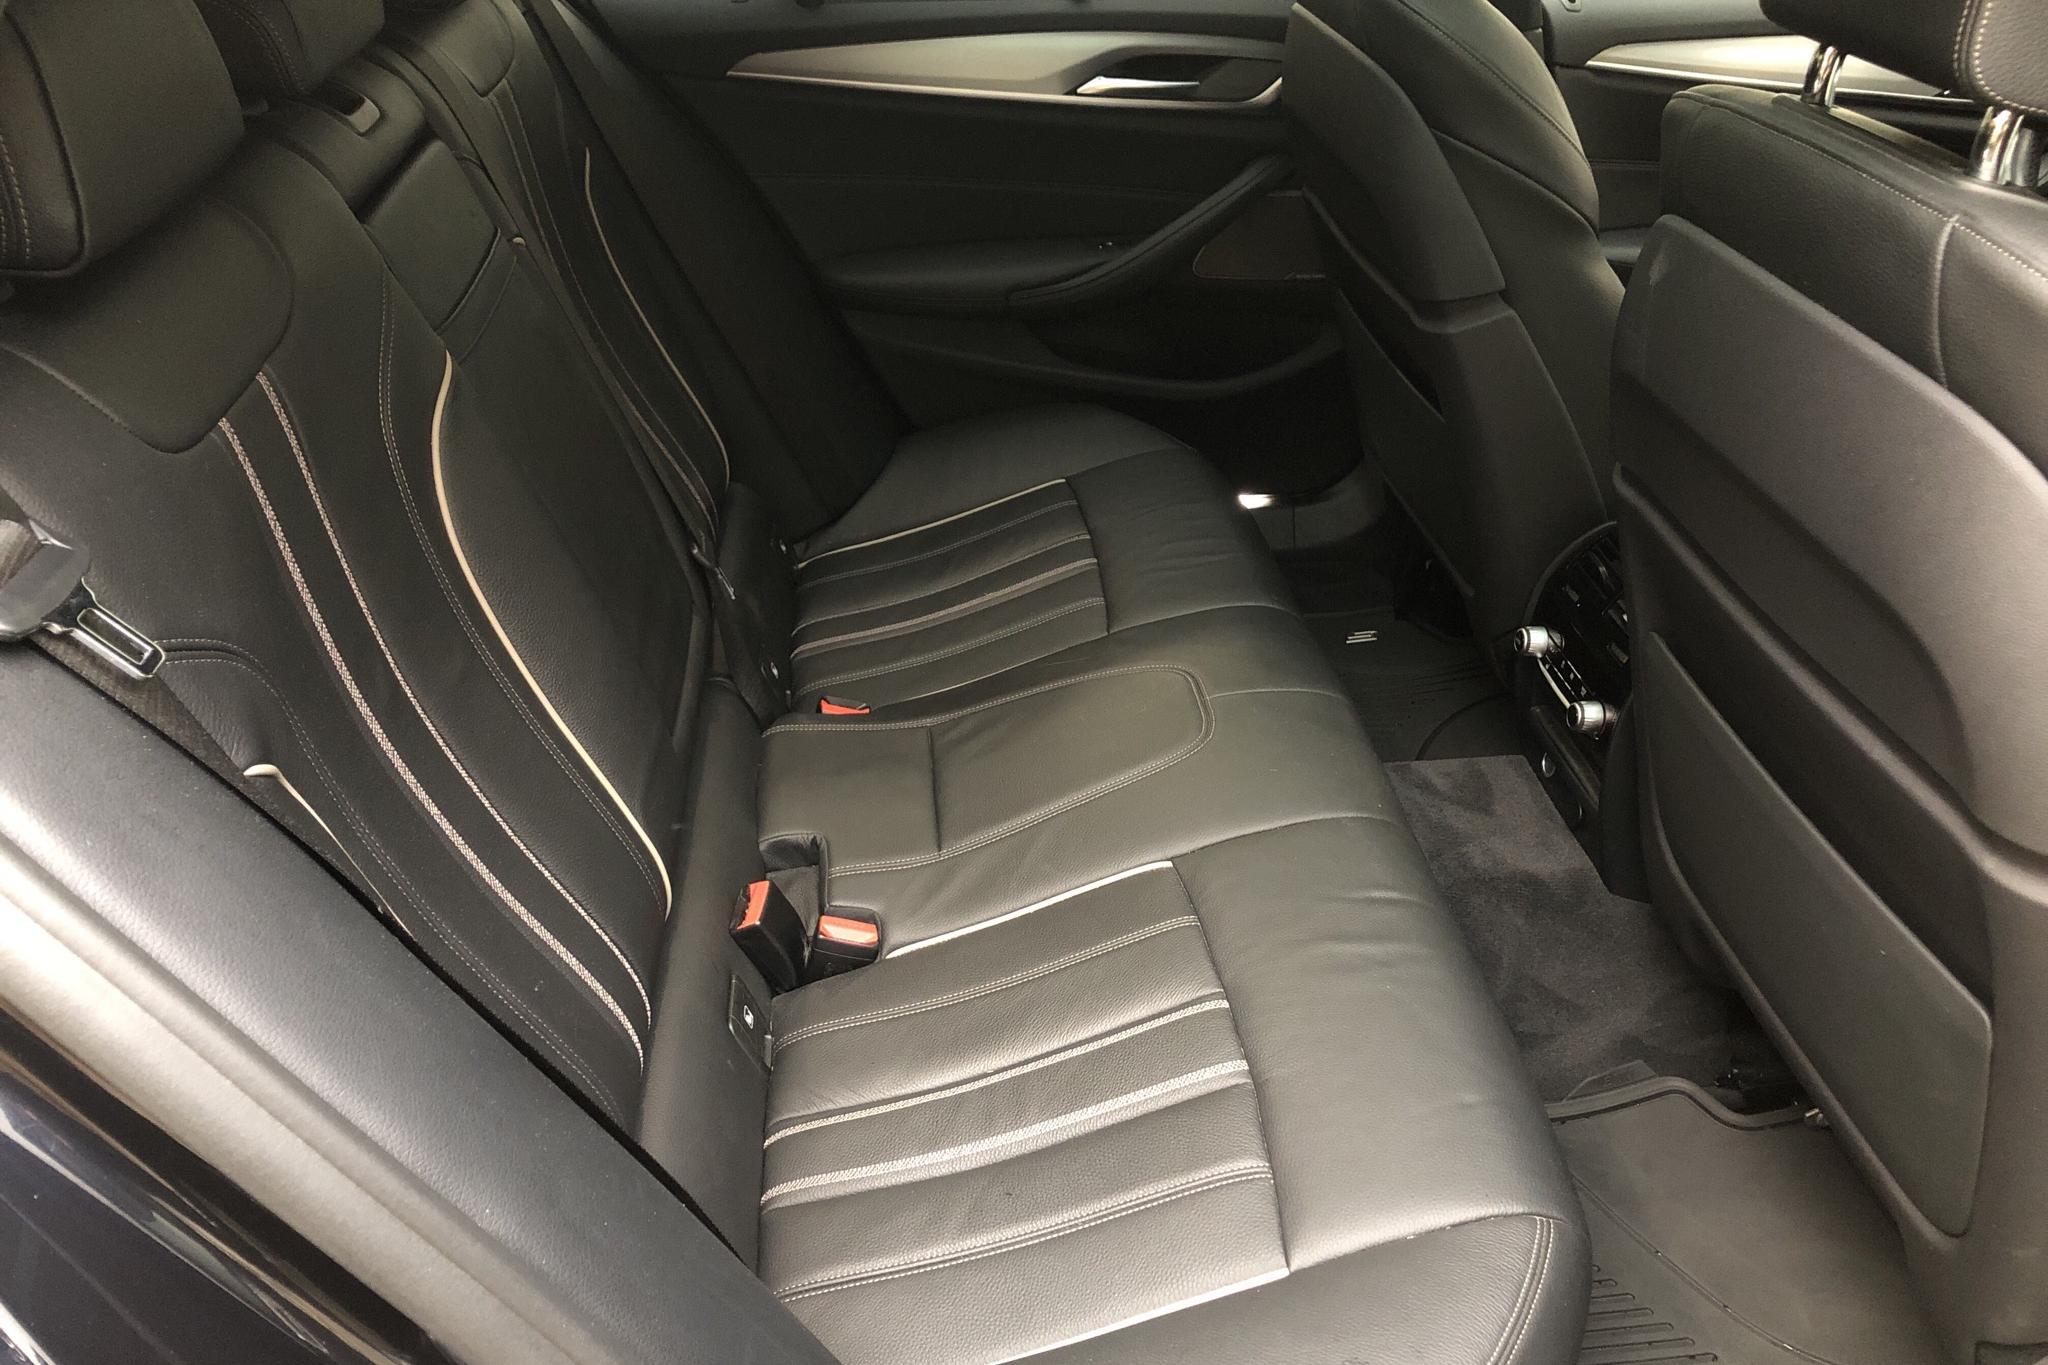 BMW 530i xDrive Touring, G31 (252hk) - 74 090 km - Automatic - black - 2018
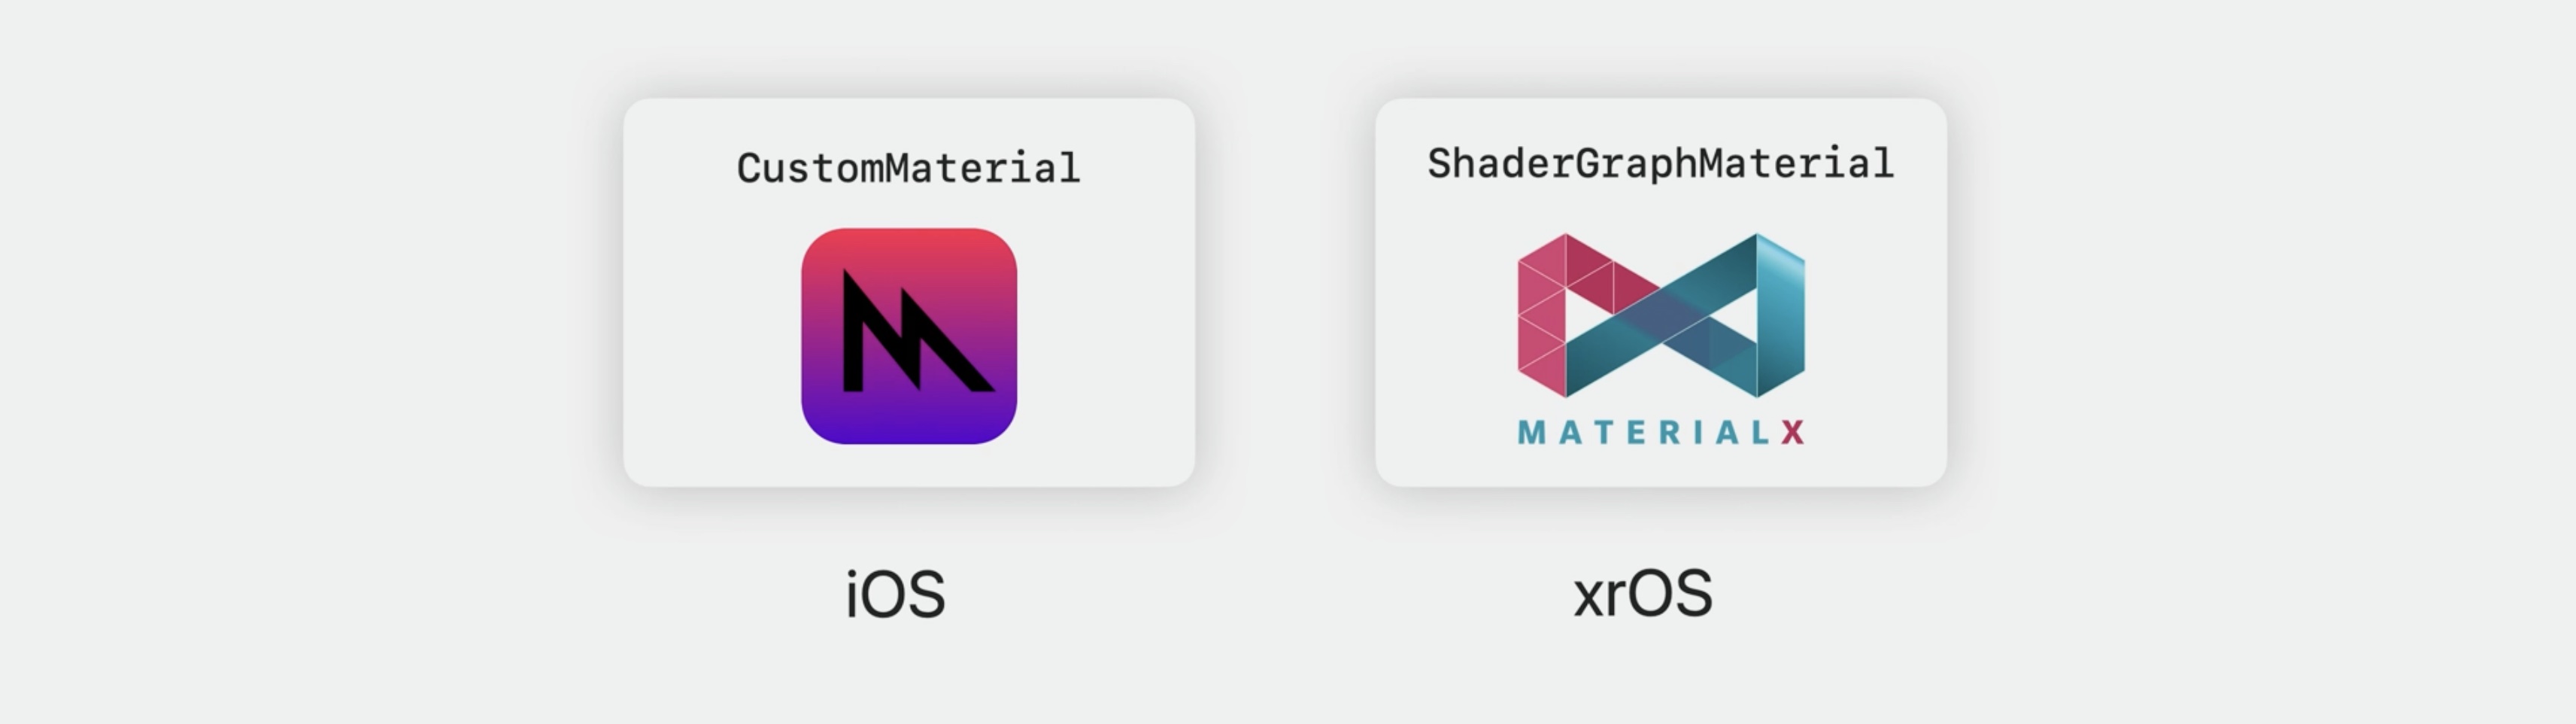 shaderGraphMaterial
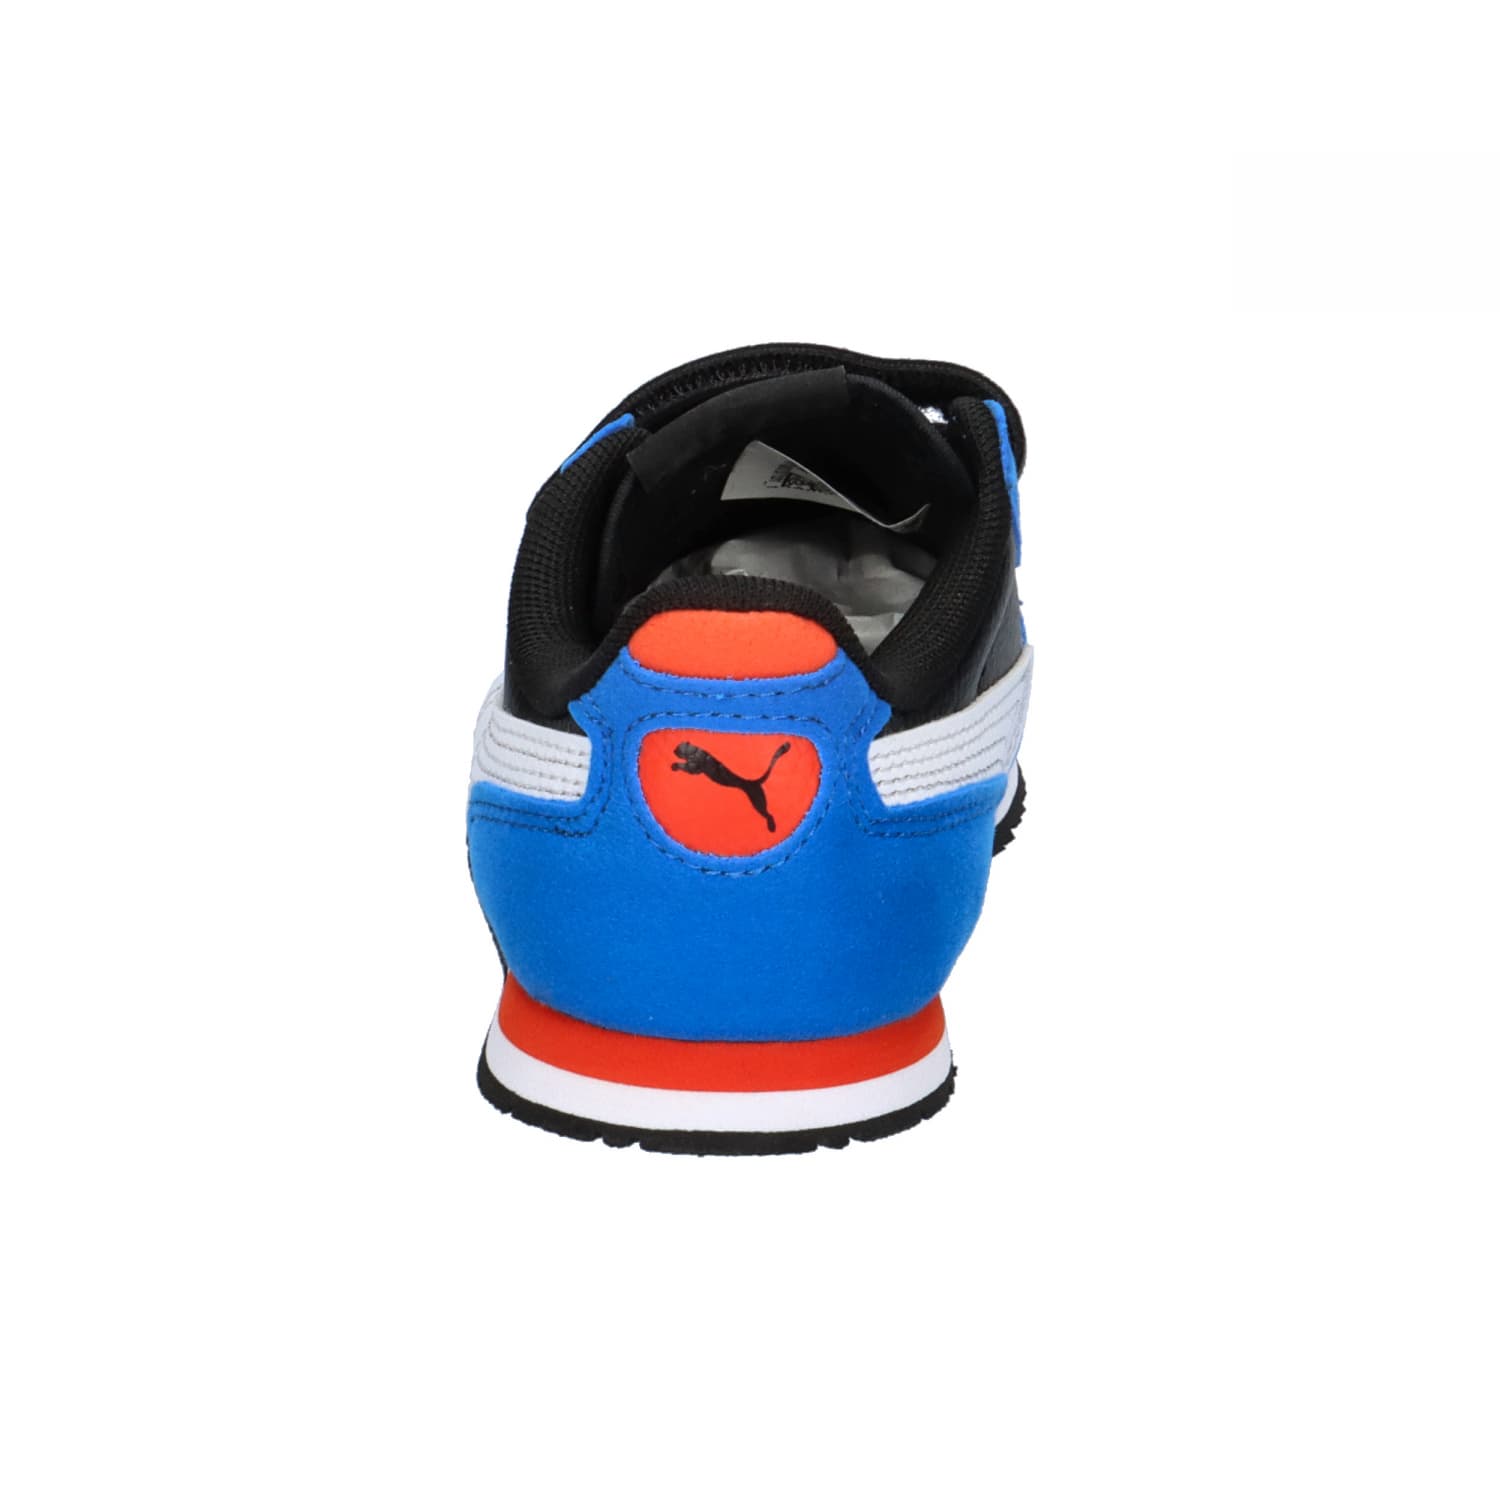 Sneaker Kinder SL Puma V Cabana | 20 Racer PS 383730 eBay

What you will do:
Here the requirement is to restate exactly the line holding "shaderGraphMaterial" and every later line through the end of the material, omitting pictures.

Result of the task:
 shaderGraphMaterial
 Sneaker Kinder SL Puma V Cabana | 20 Racer PS 383730 eBay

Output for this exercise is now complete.